====== THE INPUT

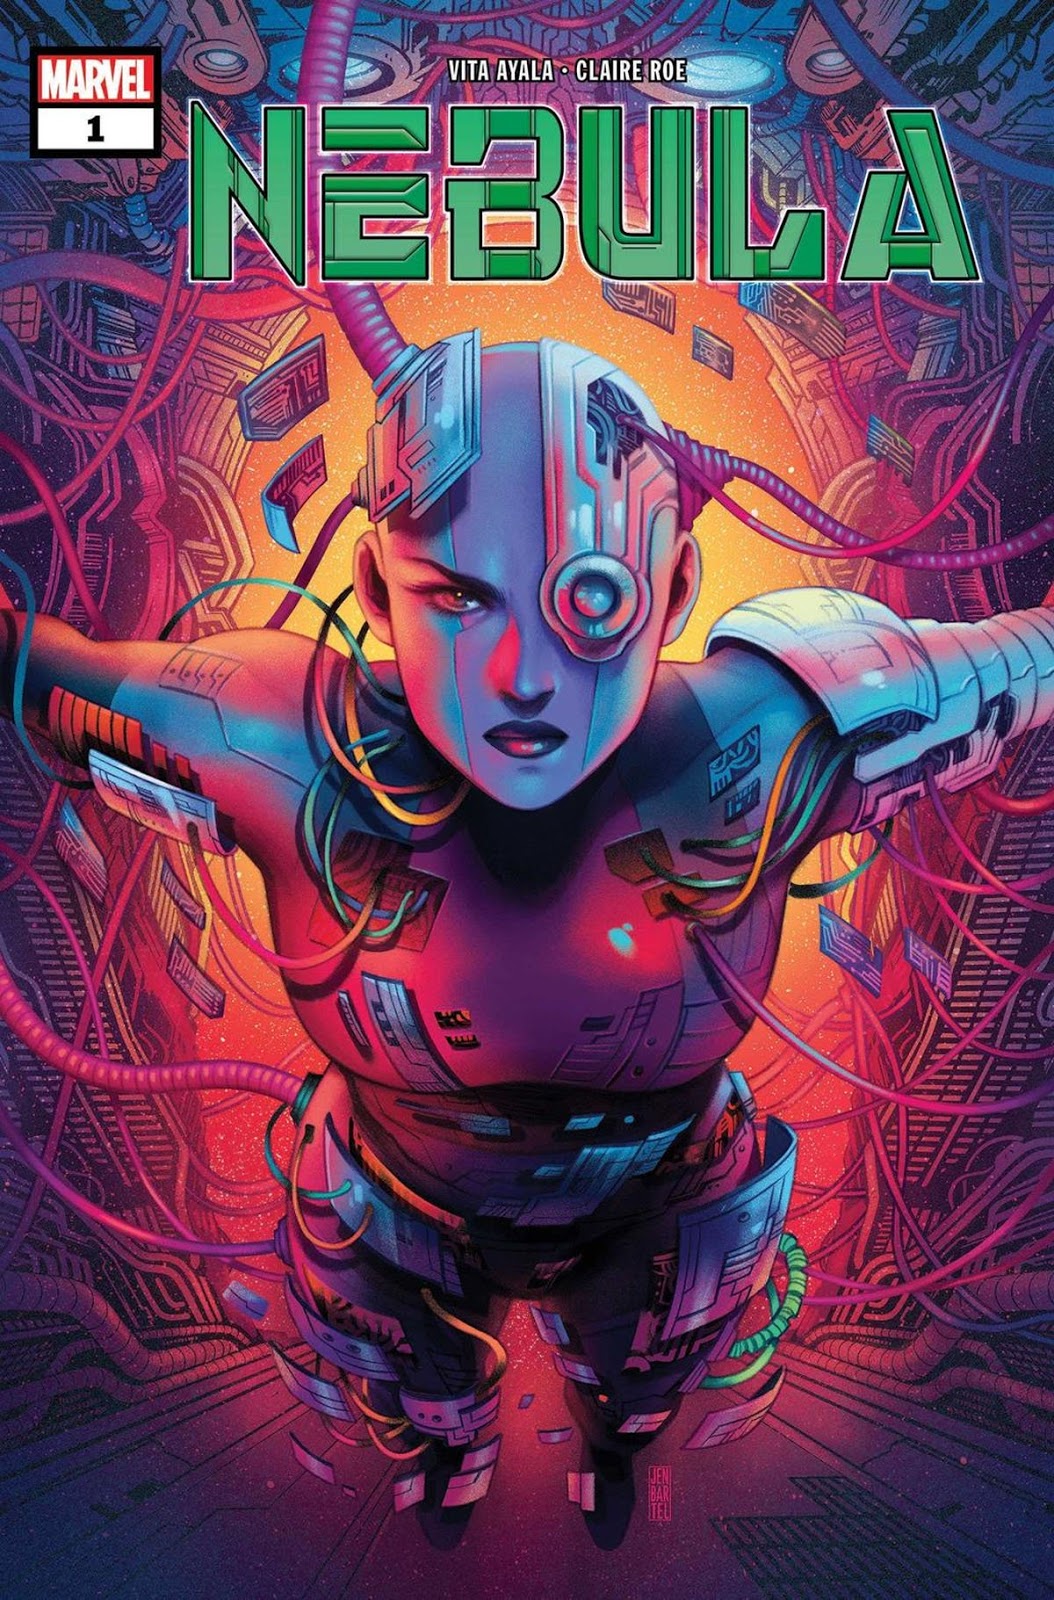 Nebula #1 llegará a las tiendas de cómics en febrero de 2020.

============
====== THE INPUT

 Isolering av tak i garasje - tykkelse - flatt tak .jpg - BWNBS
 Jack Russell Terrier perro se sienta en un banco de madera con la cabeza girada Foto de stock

============
====== THE INPUT

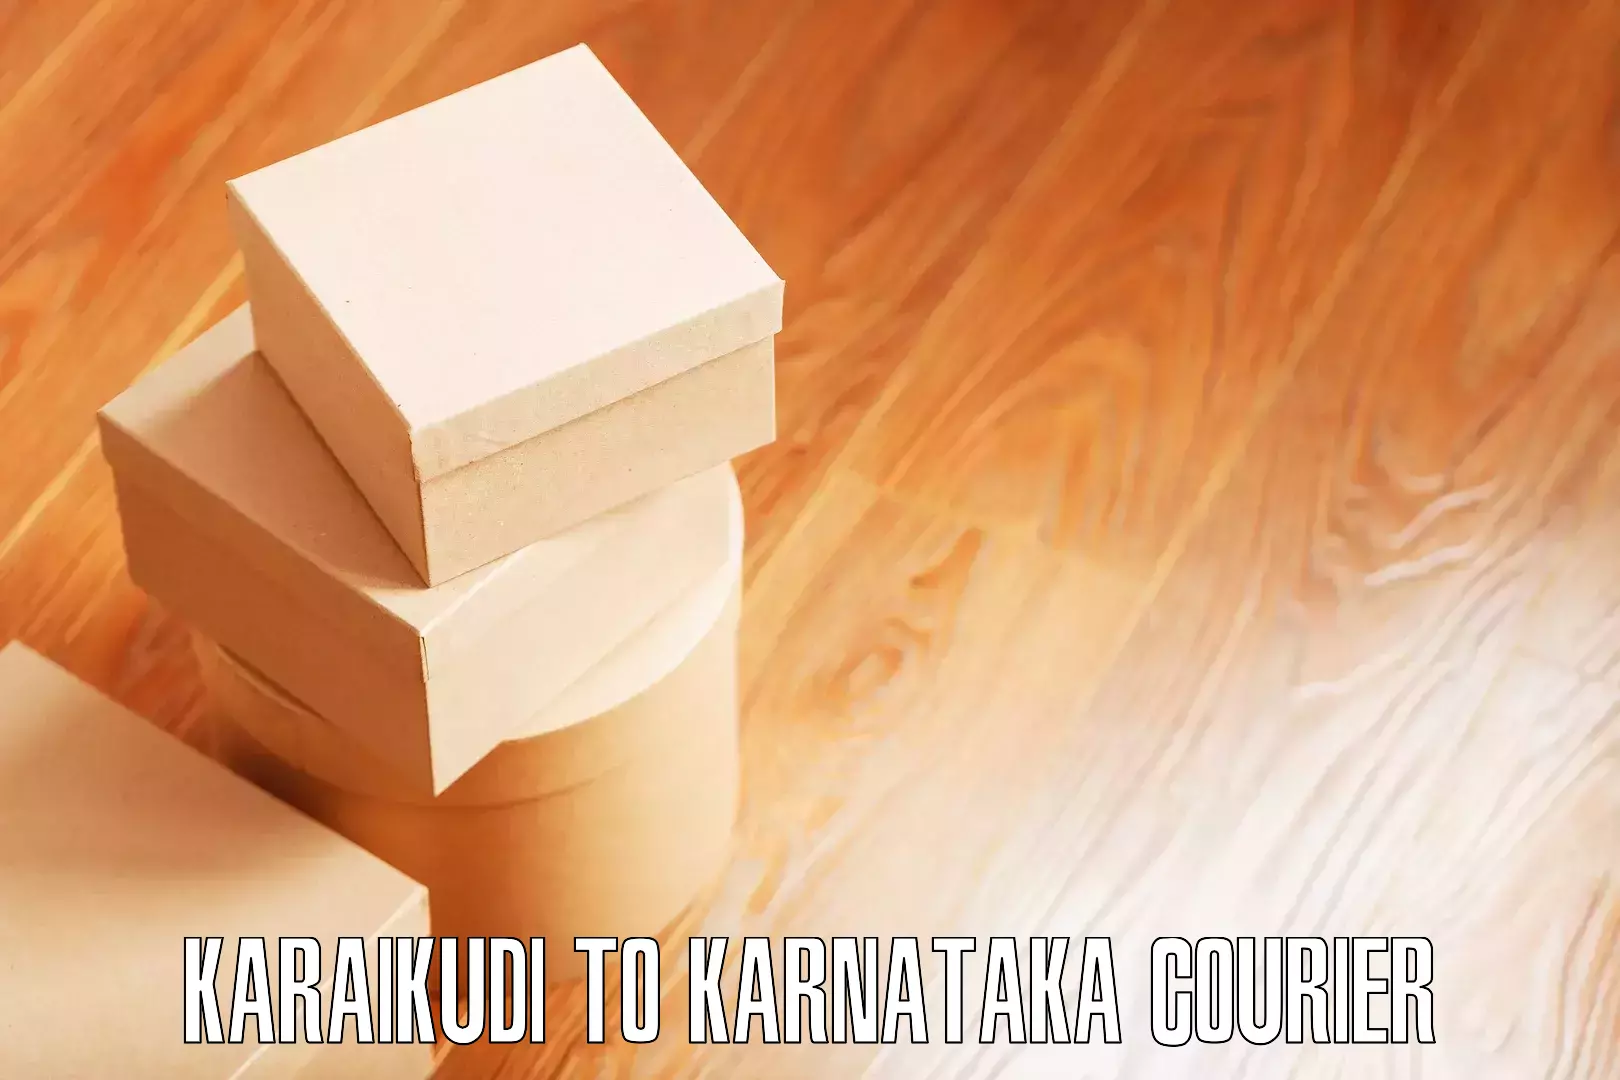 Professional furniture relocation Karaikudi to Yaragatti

============

Send back an exact copy of only the lines from the line with "Isolering av tak" up to and including the line with "Jack Russell Terrier" in the data above.

- THE ANSWER:
 Isolering av tak i garasje - tykkelse - flatt tak .jpg - BWNBS
 Jack Russell Terrier perro se sienta en un banco de madera con la cabeza girada Foto de stock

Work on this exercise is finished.